BMW has built a large portion of its reputation on the perfection of its inline sixes; this one makes a perfect example. This double overhead cam, 24-valve inline six gives a Haagen-Dazs level of refinement and 236 lbs-ft of torque at 3800 rpm. It pulls from ridiculously low rpm and wails like Pavarotti at 6000 rpm. BMW officials point out that despite 80 fewer horsepower, our American-spec engine with its vast area under the torque curve at low and mid-rpm powers the car up to 80 mph in virtually the same time as the European-spec engine. Without a back-to-back comparison, we can't comment.
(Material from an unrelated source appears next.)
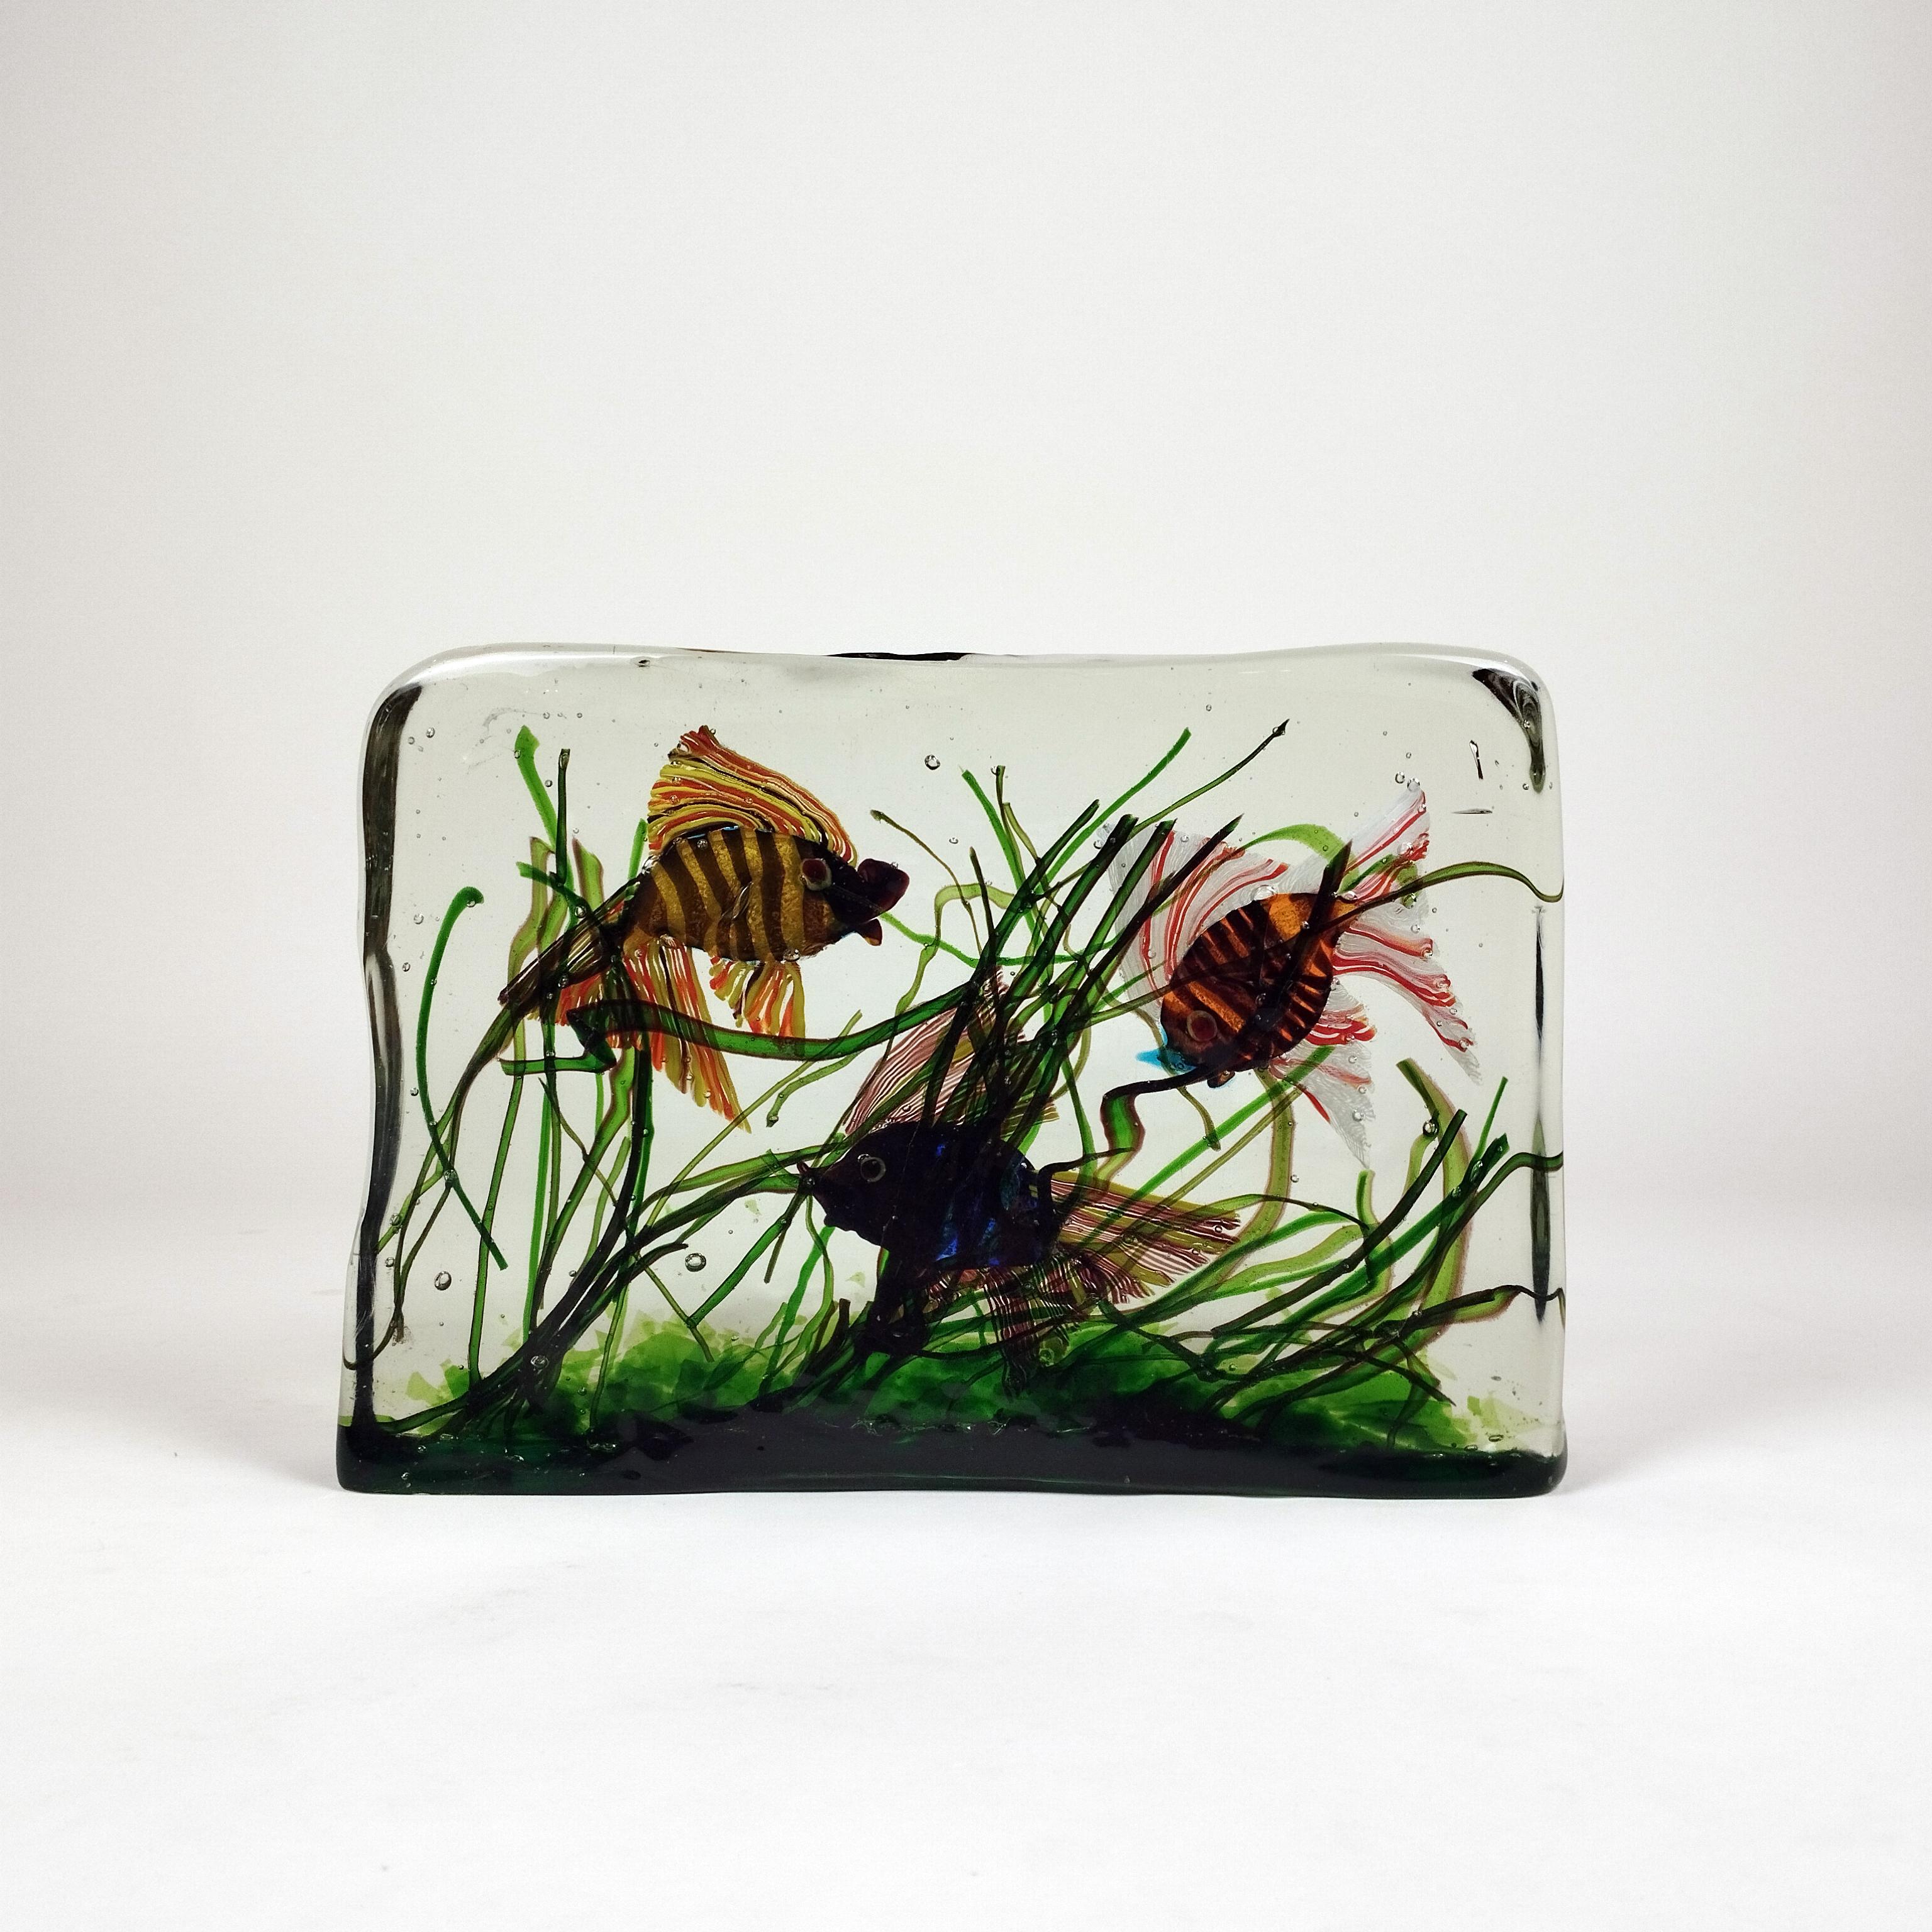 An Italian 1950's Murano glass aquarium sculpture by Archimede Seguso. The block of clear Murano glass shows three colorful goldfish swimming around seaweed.

Up front, greater volumes of air flow into the engine compartment. A more aggressive air dam works to reduce lift with more forceful routing of air. The absence of fog lights allow additional air ducting. On the face of it, this nose job is slight, but creates a purposeful appearance. Engine compartment vents are split by new chrome strips and M logos. Plus, aero M-edition side mirrors (which give too little view) are perched on the doors.
Other Z3s have black painted A-pillars but the M version gains a coat of body color. And those vast rear wheels require 911 Turbo-like rear fenders, also seen on the Z3 2.8.
The trunk gains a flush finishing panel nestled above four exhaust pipes under a unique rear bumper cap. Exhaust level and quality from the new four-tip arrangement strikes a balance between reminder and bark. Despite being shorter, tighter in packaging and using a completely different exhaust system, the M Roadster's song is much the same as the Coupe's.
Inside the M Roadster is the new 3-spoke M steering wheel, another new addition for every BMW wearing the magic M plate. There is also a healthy sprinkling of chrome trim throughout the interior. BMW's South Carolina assembly plant trims all M Roadsters in two colors of contrasting leather upholstery. Extra effort shows in brightening up the Roadster's driving environment. It's not as retro as the Mercedes SLK's, but it succeeds in making the occupants feel special.
BMW Z3 M Roadster At 41.8 inches, the Roadster lacks the leg room of even the Miata (42.7 in.). Tall drivers will find legroom in short supply. Indeed, with two sizable people on board, things can get cozy.
For taller drivers, the view around sharp right corners is blocked by the rear-view mirror. But, oddly enough, this closecoupled nature adds to the ease with which you can intuitively feel the car's corners.
Even in the wet, BMW and Prototype Technology Group racer Bill Auberlen managed to give us the normal racing driver heroics at Michelin's test facility near BMW's Spartanburg, South Carolina plant. After changing seats, we found out the attainable nature of those heroics.
Given the short wheelbase, power level and wide tires, the M Roadster shrugs off impossible cornering requests fairly well. It's far from benign, however. It won't save drivers from a blatant case of lift-throttle oversteer or feeding in imprudent throttle openings at the edge of adhesion, but it does warn you, despite a whole lot of low-profile tire width. When lurid slides come, they're recoverable, too. And poor surfaces upset the rear suspension slightly.
BMW Z3 M Roadster You'll have to look elsewhere for terminal understeer at anything above a trotting pace. This is made even more important because the traction control fitted to all other BMWs will not be fitted to this one. We rarely tipped into the anti-lock under even extremely hard braking, yet positioning the car under trail braking proved fairly agreeable. One point was clear, though. The M3's more sophisticated multi-link rear suspension is not just one rung up the ladder from the D's trailing arms, it's more like three rungs up.
Intimidation has always been a hallmark of high-powered roadsters. Although the M Roadster doesn't bristle with the raw, brutish kind of power under a new Corvette's or a neo-musclecar's hood, it doesn't need to. Few people will drive other sports cars with the desire needed to dust off an M Roadster.